父子两人不知道无声交换了什么眼色,等何穆阳便再转头看着江子燕,他两道深深的法令纹在阴影里像猫胡须一样翘了下,再对她开口时,语气终于温和些:“年轻人要保重身体,为祖国健康工作。”
江子燕赔着笑,不知道说什么好。
何绍礼随意叫了声爸,笑说:“今天外面空气质量不怎么样啊,鼻子难受得很。”
何穆阳沉声说:“哦,我看你好得很。”话虽然这样,但还是转身带着何智尧率先上楼。
江子燕默默无语,在门口等阿姨给自己拿室内鞋。
今日她穿长靴,手脚协调性又不佳,必须坐下才能脱下。何绍礼站在旁边很是耐心地陪着,并不催促。这让她略有些难熬,偏偏速度也快不了。等整理好后,一支骨节分明的手伸到自己面前要扶自己,男士衬衫袖子口异常干净利落。

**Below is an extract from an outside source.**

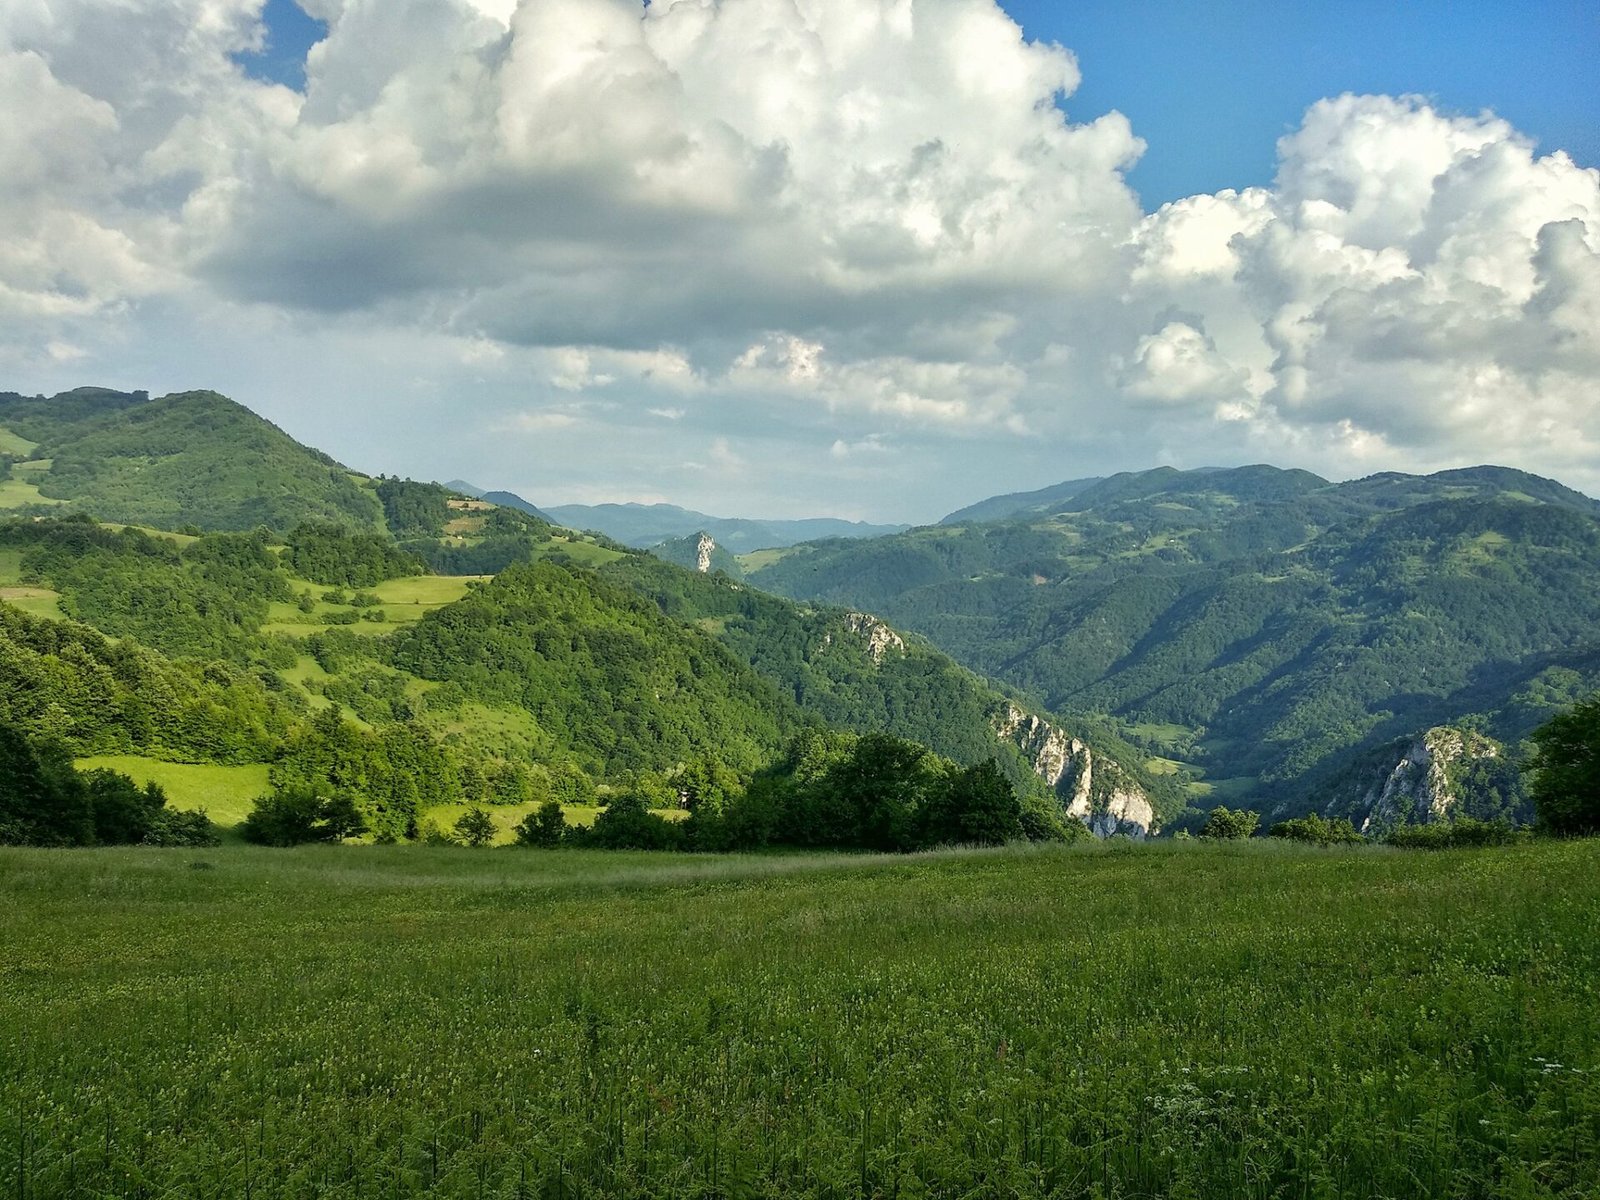 Sokolske mountains  – along the roads of Podrinje, Rožanj peak 973 m

她不由抬头,何绍礼脱下的西服挂在臂弯,微微弯腰的时候显得眉眼英挺。她犹豫一秒,无法拒绝这种示好,终于把手递过去。从弯腰、等待、搀扶,到接受,两人的动作不紧不慢,相处仿佛无间。但江子燕也并没有把手真正放入何绍礼掌间,虚压下他的手背借力站起来,再不留痕迹地抽开,动作跟着了火似的。
何绍礼收回手,神色如常。
片刻后,他忽地开口:“你自在点。”
江子燕怔住,随后回应温柔一笑:“我看起来很紧张?”
何绍礼笑了笑,把她引进屋里。在他背后,江子燕收起刻意讨好的笑容,握紧双手,皱眉跟着他往楼上走。
若说之前确实还有些懈怠情绪,她这会儿已经慢慢都收起来。现在的情形,是江子燕需要靠何绍礼来亲近自己的儿子,绝对不是何绍礼和何家需要她当一个母亲。背对她的年轻男人的态度偶有阴晴不定,但总体的气度谦和,待人处事也十分温文尔雅,显然多有容让。
她一时觉得他这幅样子不是作伪,一时又觉得他多谋深算,总是惊疑不定,就怕出什么差池。现在又要面临他的家人,但除了拥有何智尧母亲的身份,自己没有任何武器。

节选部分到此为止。